Friday, August 28, 2009

"Classic Fantasists on Film": Lord Dunsany's Dean Spanley

It was a surprise for me to learn recently that a novel by Lord Dunsany had been newly filmed, and even more of a surprise to learn that of Dunsany’s dozen or so novels it was My Talks with Dean Spanley (1936) that had made it to the big screen. By no means Dunsany’s best novel, it is an enjoyable, minor work, in which a cleric, under the influence of a certain tokay, recollects his previous incarnation as a dog.

The film, titled more simply Dean Spanley, was scripted by Alan Sharp and directed by Toa Fraser. It boasts a first rate cast: Peter O’Toole, Sam Neill, Jeremy Northam, and Bryan Brown. An independent British production, the film was released in England in December 2008, and had a limited release in the US a few months afterwards. The film has a running time of 98 minutes. It is now out on DVD in England (I don’t know if a North American release has yet been scheduled).

What a delight! It is frankly a skilful deepening and slight expansion of Dunsany’s novel, rather than merely a screenplay based upon it. Dunsany’s book is the first-person narration of an unnamed man, a scientific writer, who uses the tokay on Dean Spanley in the hope of learning the answers to some of the mysteries of life. To this end, the narrator gets help from his friend Wrather, and late in the book, the Maharajah of Haikwar. The pleasure of Dunsany’s novel is primarily to be found in the Dean’s uncanny revelations about the inner life of a dog.

Alan Sharp names the narrator Fisk (he is played by Jeremy Northam), and centers the story upon Fisk’s relationship with a new character, Fisk’s elderly father (Peter O’Toole), bringing in a familial and emotional center that is nowhere to be found in Dunsany’s novel. Sam Neill plays the difficult part of Dean Spanley excellently, and the screenplay utilizes many of Dunsany’s own words in the Dean’s reminiscences. The character of Wrather is also slightly altered—he becomes Fisk’s supplier of the tokay, as well as a participant in the experiment. Northam and Neill give first-rate performances, but it is Peter O’Toole who steals the show as the elder Fisk. O’Toole has most of the best lines, too (all original to the screenplay, not lifted from the novel). It is not merely for sentimental reasons that I hope that the film garners some award nominations for O’Toole’s acting and for Alan Sharp’s screenplay.

Dean Spanley is one of those quiet, enchanting little films that come along too infrequently. Keep your eye out for it.

My Talks with Dean Spanley

The cover of the first edition of Lord Dunsany's My Talks with Dean Spanley (London: William Heinemann, 1936), left, has always seemed garish to me.

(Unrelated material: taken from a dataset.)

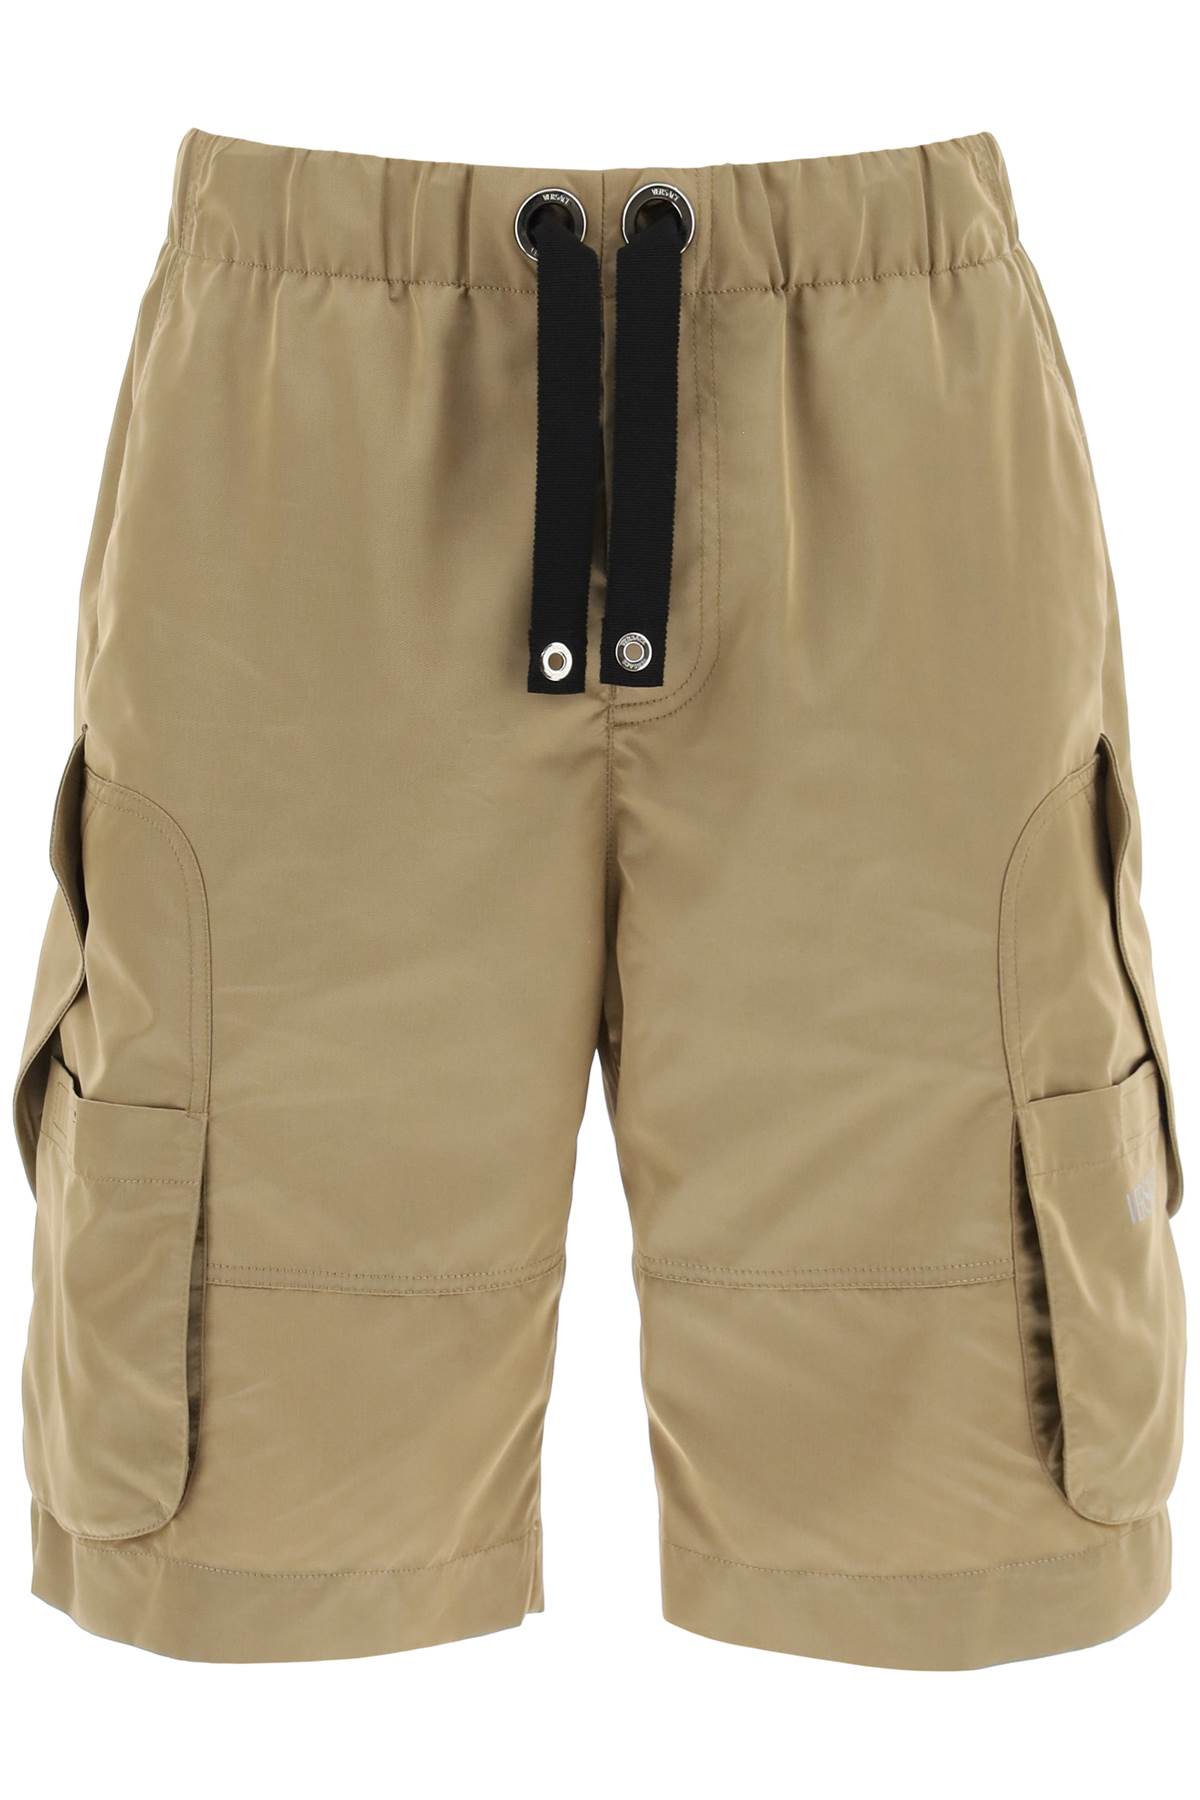 VERSACE Oversized Nylon Cargo Shorts for Men in Beige for SS23

Trying to translate the central conceit of the novel into an image for advertising purposes must be difficult, and this one succeeds only in appearing laughable. The cover to the American edition (New York: G.P. Putnam's Sons, 1936), right, utilizes the frontispiece illustration drawn by Robert Ball. It's is not especially attractive, and only slightly better. S. H. Sime contributed the frontispiece to the London edition, his last illustration for a Dunsany book, top. While it is a delightful illustration that does indeed capture the spirit of the book, I'm not sure that it would have made a successful cover illustration. (Click on the illustrations for larger views.)

Tuesday, August 18, 2009

Arthur Conan Doyle Exhibit at the University of Michigan

Yesterday I was in Ann Arbor, researching at the University of Michigan libraries. Displayed in the elevators at the graduate library was an eye-catching poster about the current exhibition in Special Collections, “Clues Beyond Sherlock Holmes”—the illustration on the poster also serves as the cover to the exhibition booklet (reproduced above). The exhibit showcases items from the Sir Arthur Conan Doyle Collection donated by alumnus Dr. Philip Parker, collected by Parker and his family, including his father Hyman Parker and his cousin Dr. Bruce Parker. The exhibit showcased Doyle’s interests and publications, from his war histories to his books on spiritualism, including items on the Cottingley Fairy photographs, as well as his historical novels and his immortal stories of Sherlock Holmes. This delightful exhibit continues through the end of this month. (I have a spare copy of the 32 page exhibition booklet, should a rabid Sherlockian wish to claim it.)

Saturday, August 15, 2009

The Demon of Brockenheim

Australian journals and periodicals are a largely untapped source of supernatural and fantastic fiction. This is a shame because there are some fascinating examples of the genre that have been forgotten. One such is the excessive gothic serial "The Demon of Brockenheim" which was serialised in The Australian Journal between April and October, 1877.
AUSTLIT, which provides useful synopses of stories and serials in The Ausralian Journal up to 1900, describes it as follows:
"In the town of Mayence, Germany a dark foreigner who speaks an unknown language is to be hung for the murder of Baron Von Brockenheim. A mysterious pilgrim attempts to bribe the gaoler to see him but fails. In his search for the prisoner he sees alchemical flames in a distant tower of the castle, and knowing thus that the Baron still lives he utters the terrible summoning cry of the Secret Tribunal, warning the Baron that he has been detected and justice must bedone. For the Baron had been due to appear before an ecclesial commission to answer charges of evil and illicit activity. The foreigner, emissary from Grenada's king, is executed and the pilgrim - his father - swears he will have the blood of the Baron's daughter in revenge. He is unaware that she had tried to save his son who had given her the magic ring of Mahmound in return ..."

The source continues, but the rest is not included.